■ **TASK DESCRIPTION**
Every line below must be reproduced exactly; no pictures are to be included.

──────────────────────────────

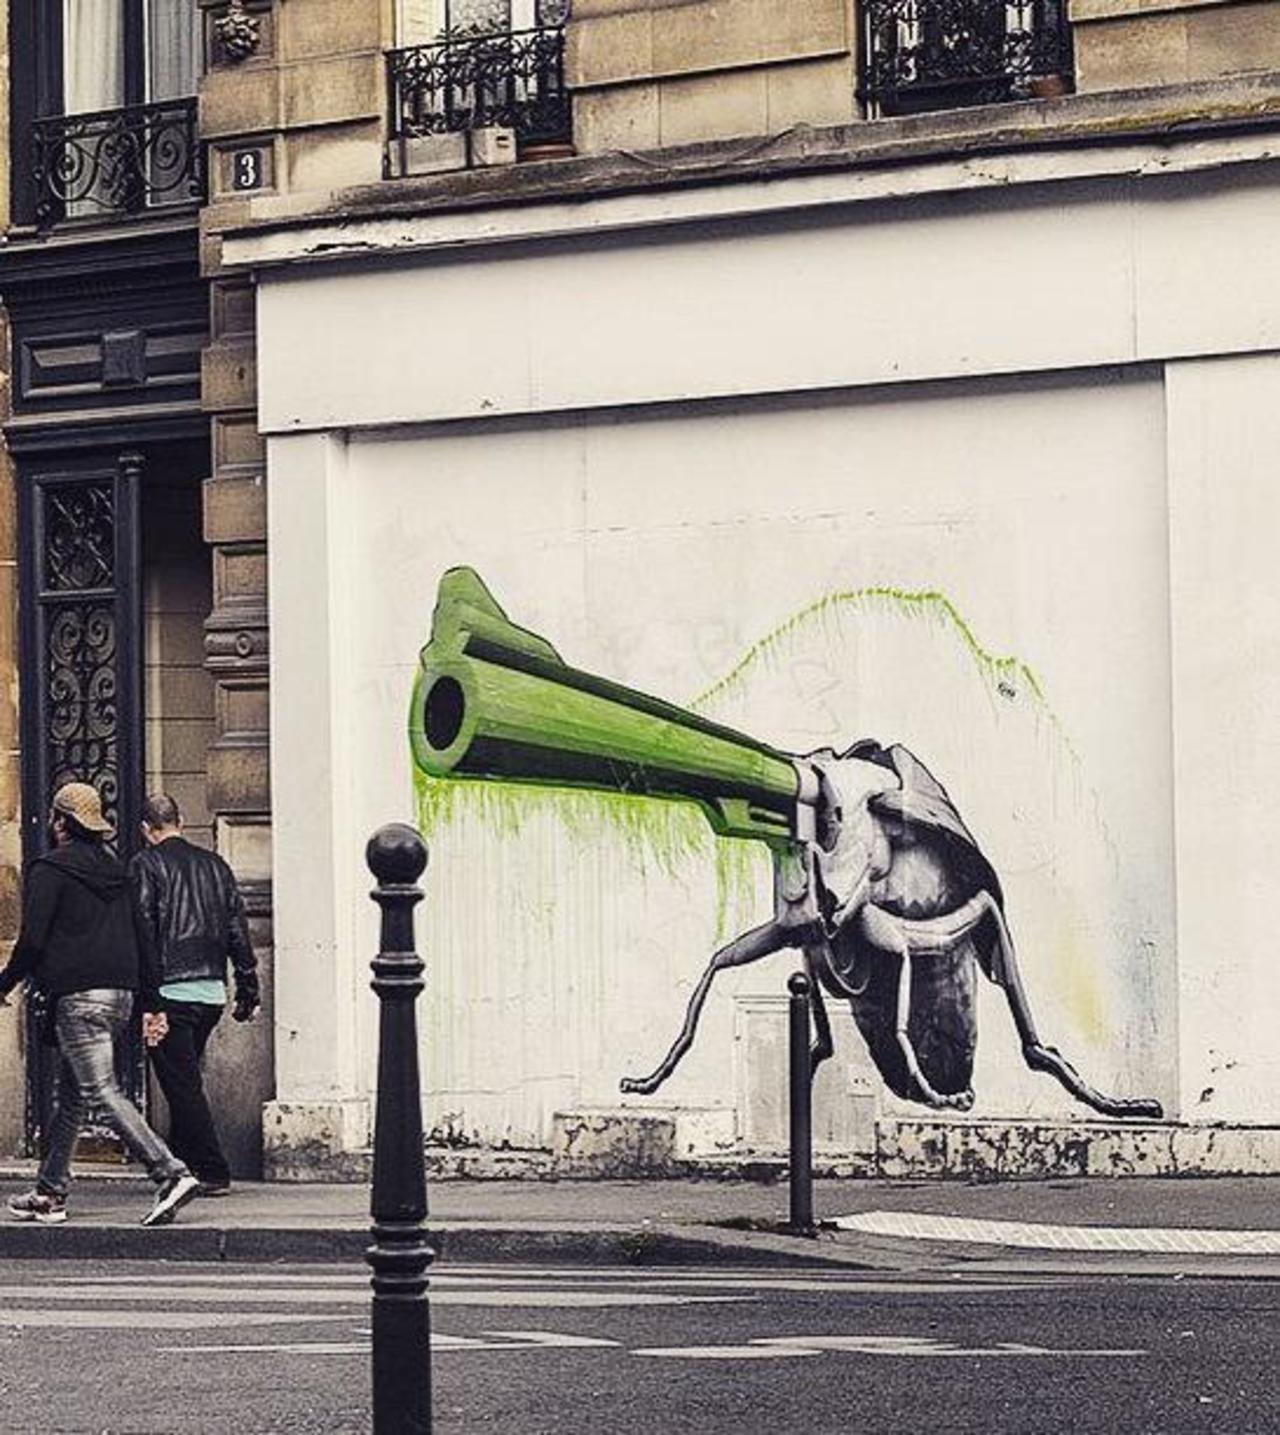 Technology merges with nature.
Street Art by Ludo in Paris 

#art #arte #graffiti #streetart http://t.co/kxgd7bMhZ7
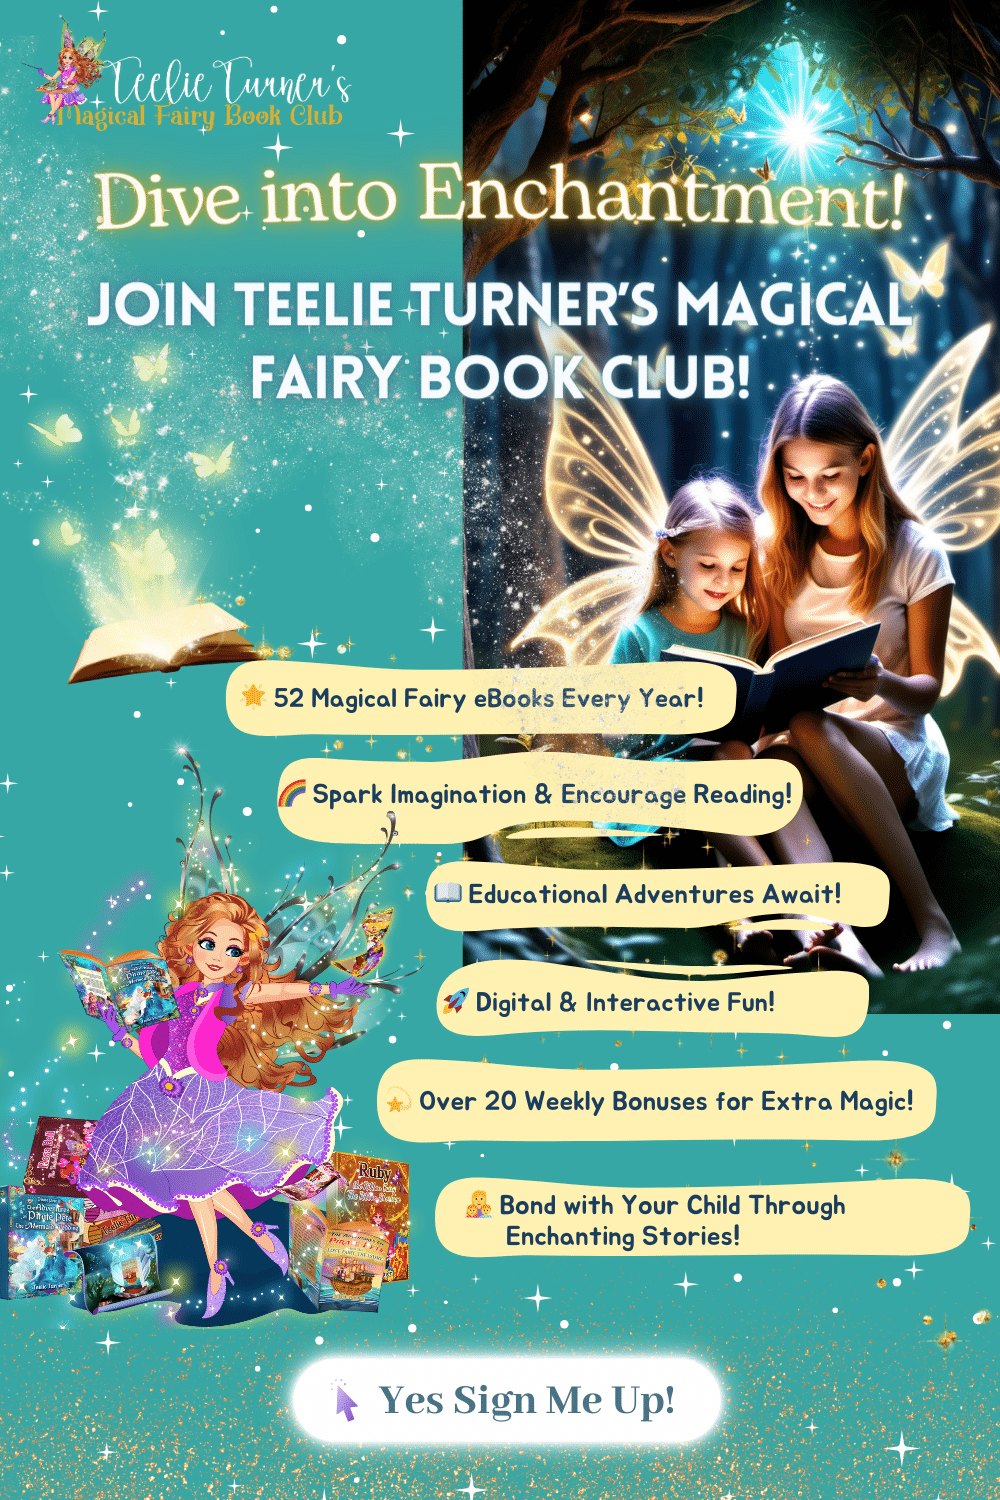 teelie turner’s magical fairy book club (pinterest pin)
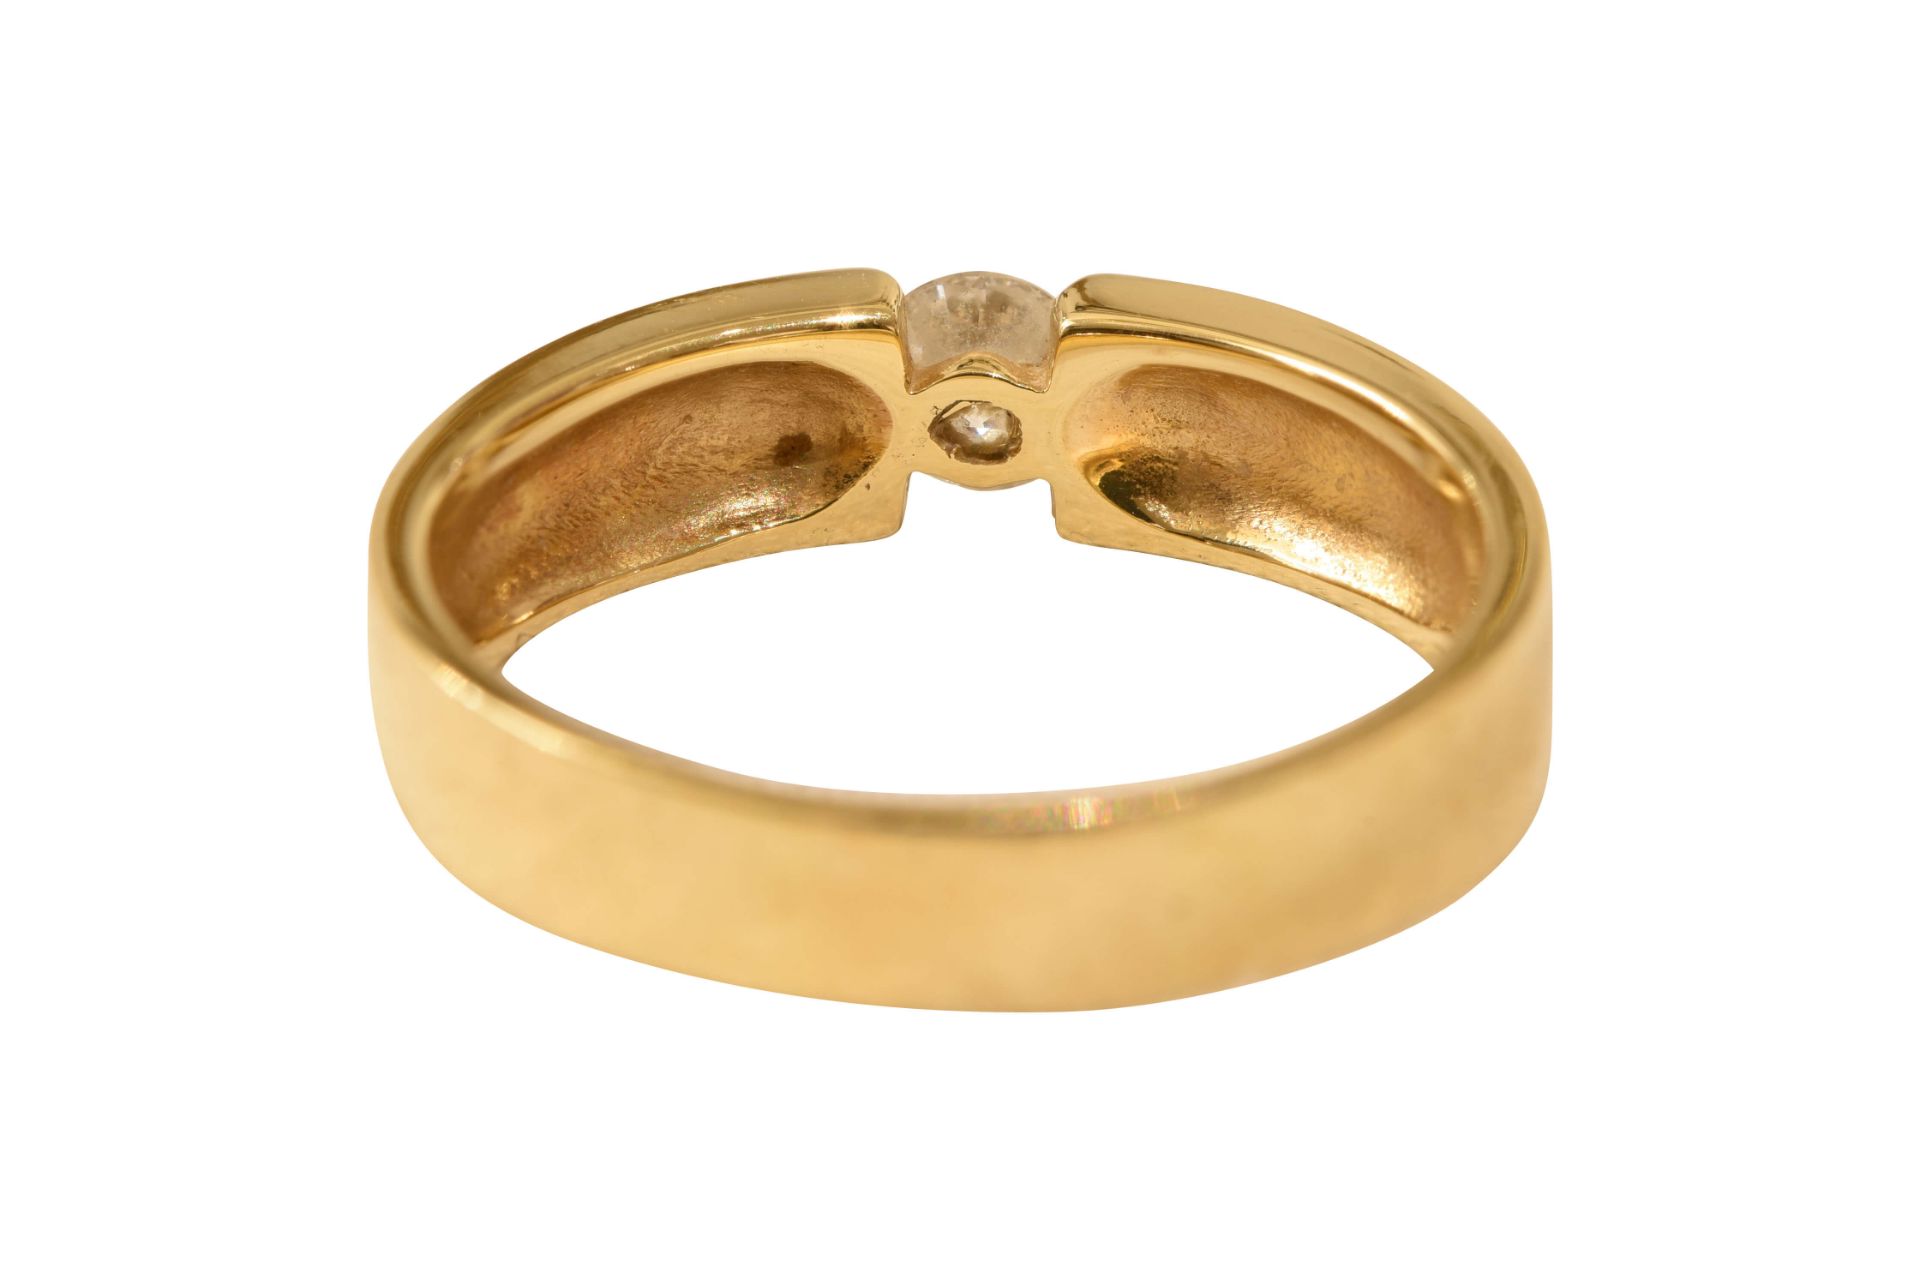 Ring GG mit einem Brillanten|Ring with one Brilliant-Cut Diamond - Image 5 of 5

──────────────────────────────

■ **SOLUTION**
 Technology merges with nature.
Street Art by Ludo in Paris 

#art #arte #graffiti #streetart http://t.co/kxgd7bMhZ7
 teelie turner’s magical fairy book club (pinterest pin)
 Ring GG mit einem Brillanten|Ring with one Brilliant-Cut Diamond - Image 5 of 5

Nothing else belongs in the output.